On closer inspection, she had healing wounds along either side of her spine, matching closely with what I assume were eagle talon marks that had grasped her, if only briefly, as a raptor tried to carry her away. I suspect, feisty as she was, she fought her predator so fiercely that she was dropped from a bit of a height, bruising her spine. For an eagle, in this land of plenty of prey, dining on a calico is never worth such aggravation and hassle.

What a cat – now minus at least one, if not more lives. Only eight to go.

She is indeed resurrected; completely healed up, her spine is working fine and the only marks left on her back are white patches of new hair growth over her former wounds.

We thought she was lost forever, but she had not lost her way back to us, only way-laid for a bit. Our angel kitten is now resident on the front porch and back to her farm life climbing trees and torturing little birds.

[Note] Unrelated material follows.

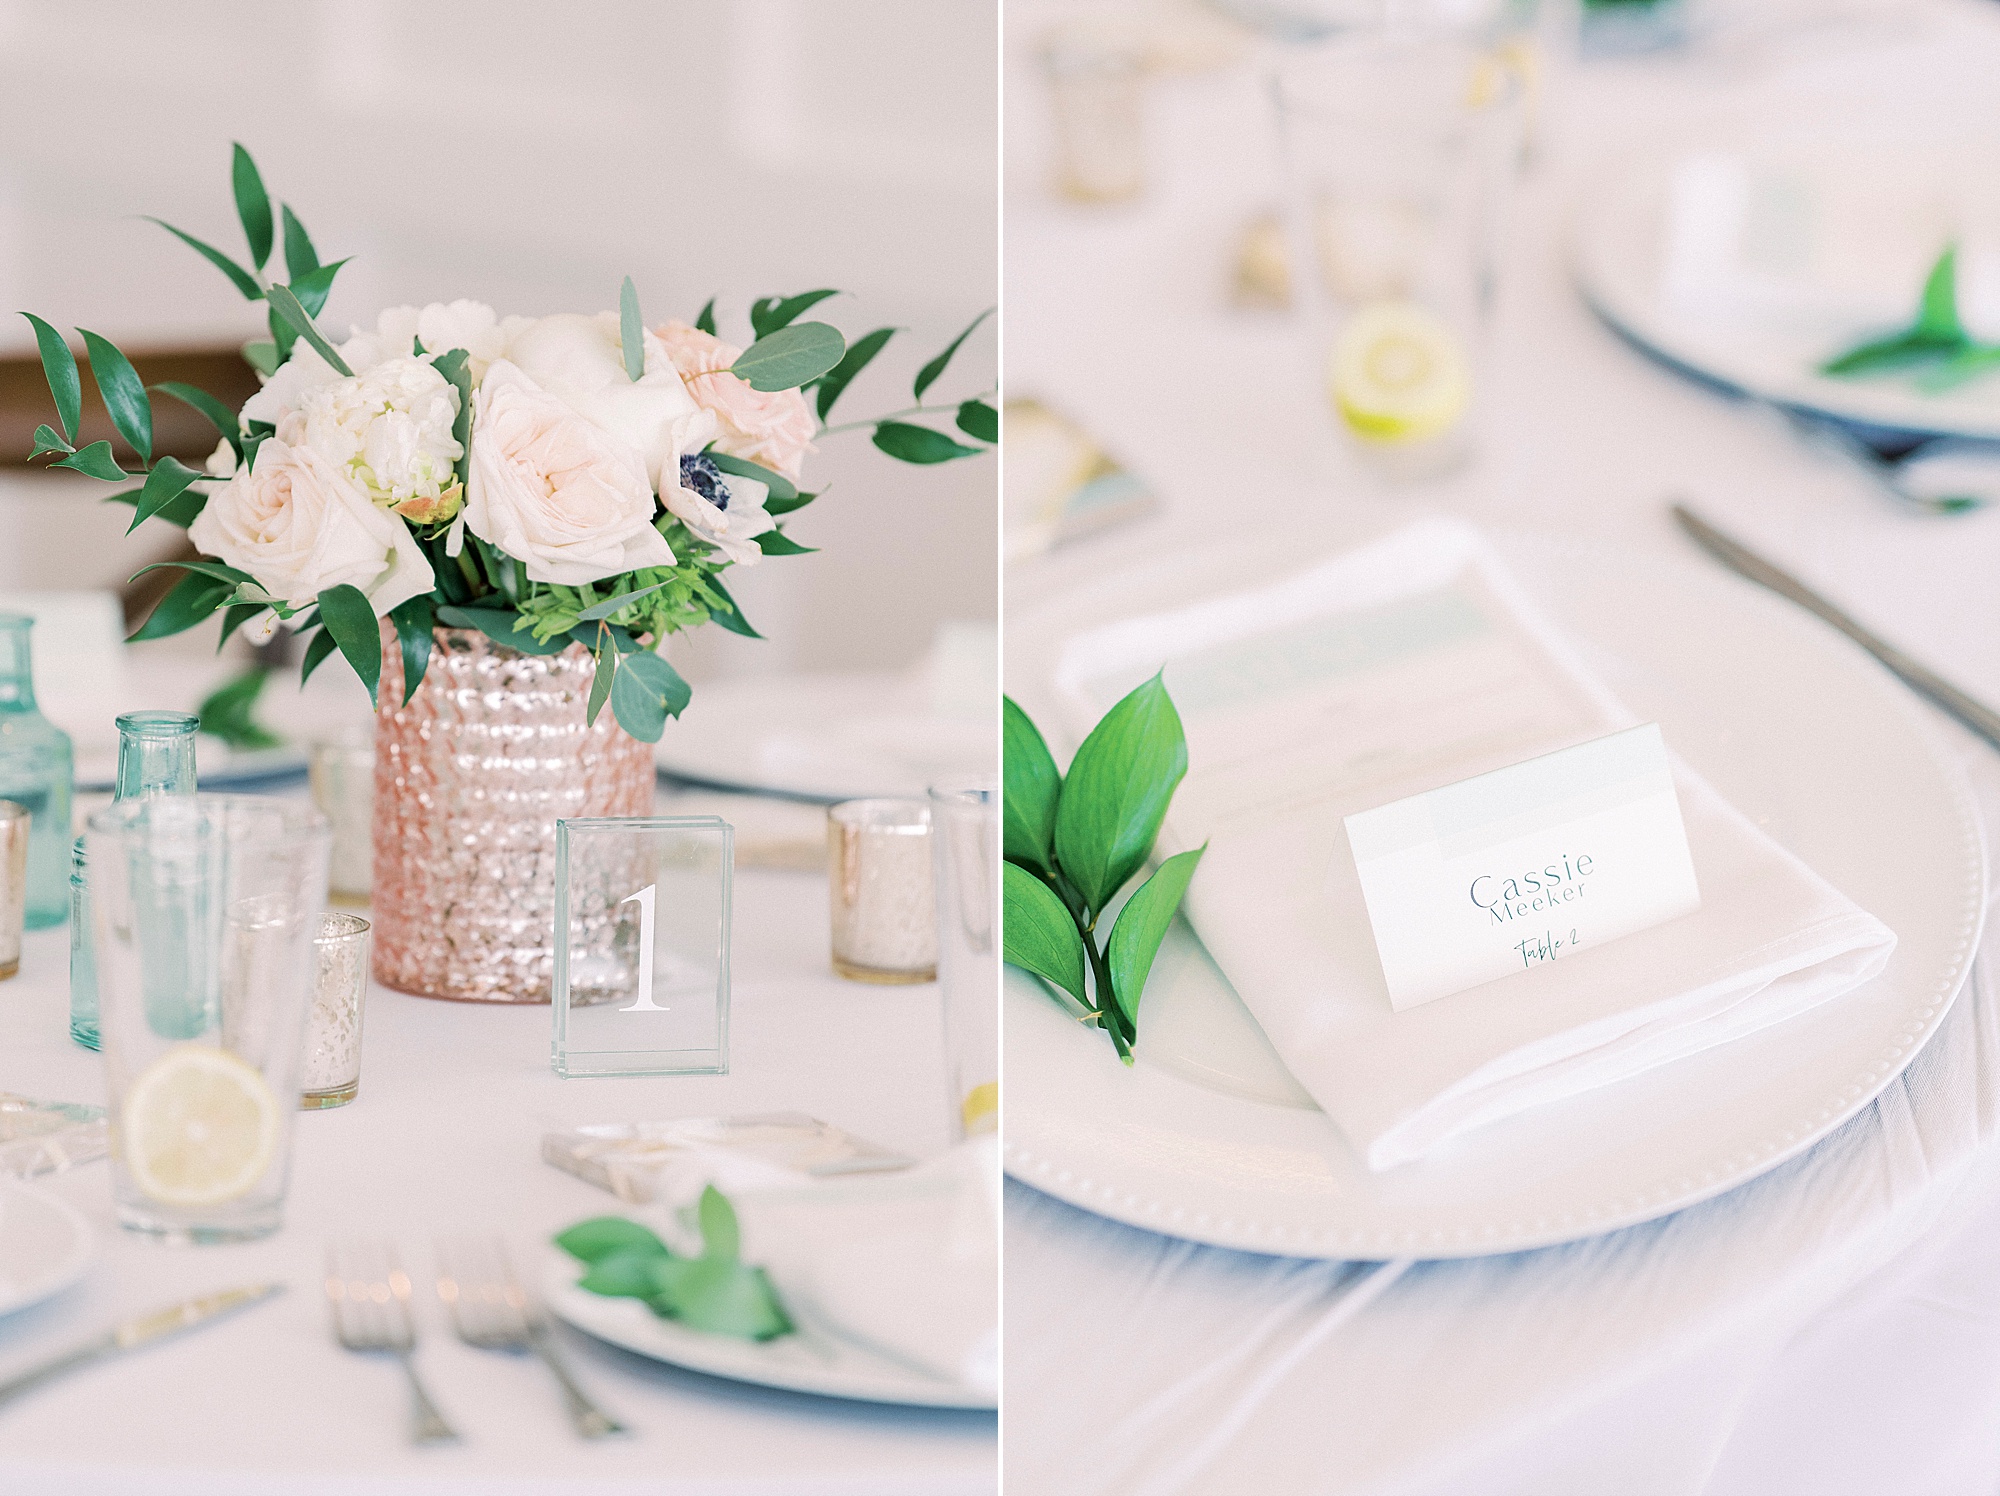 details for Oceanic Restaurant wedding reception

Beware any big raptor who tries to take her on.

Finding My Way Home

Bees do have a smell, you know,
and if they don’t they should,
for their feet are dusted with spices
from a million flowers.”
~Ray Bradbury, Dandelion Wine


I studied bees, who were able
to convey messages through dancing
and could find their ways
home to their hives
even if someone put up a blockade of sheets
and boards and wire.
Bees had radar in their wings and brains
that humans could barely understand.
I wrote a paper proclaiming
their brilliance and superiority
and revised it at a small café
featuring wooden hive-shaped honey-dippers
in silver honeypots
at every table.
~Naomi Shihab Nye from “Bees Were Better”

Suddenly a bee, big as a blackberry,
bumbles against my window, knocking
for attention. Rolling in azalea cups all morning,
she weaves in slow motion then hovers
like a helicopter, humming
to herself. The key, C major.
No black notes, no sharps, no flats.
Only naturals—the fan of her own wings,
the bliss of her own buzz.

She doesn’t practice.
She doesn’t have to. She knows.
To make honey, you follow the dance.
~Alice Friman  from “The Key”

I wish I had a homing device in my body that would bring me home no matter where I wander. I simply turn my face to the sun and my wings take me back there, even if I wasn’t paying attention to the dance of others and I’m off kilter or too stubborn to admit home is where I need to be.

After a summer of watching thousands of bees making a “bee-line” to home at night as if they are on a superhighway to their very own hive and honey cell, I need to be just as determined, just as committed, just as confident that I’m heading to where I belong.

The rest are waiting for me and have left the light on.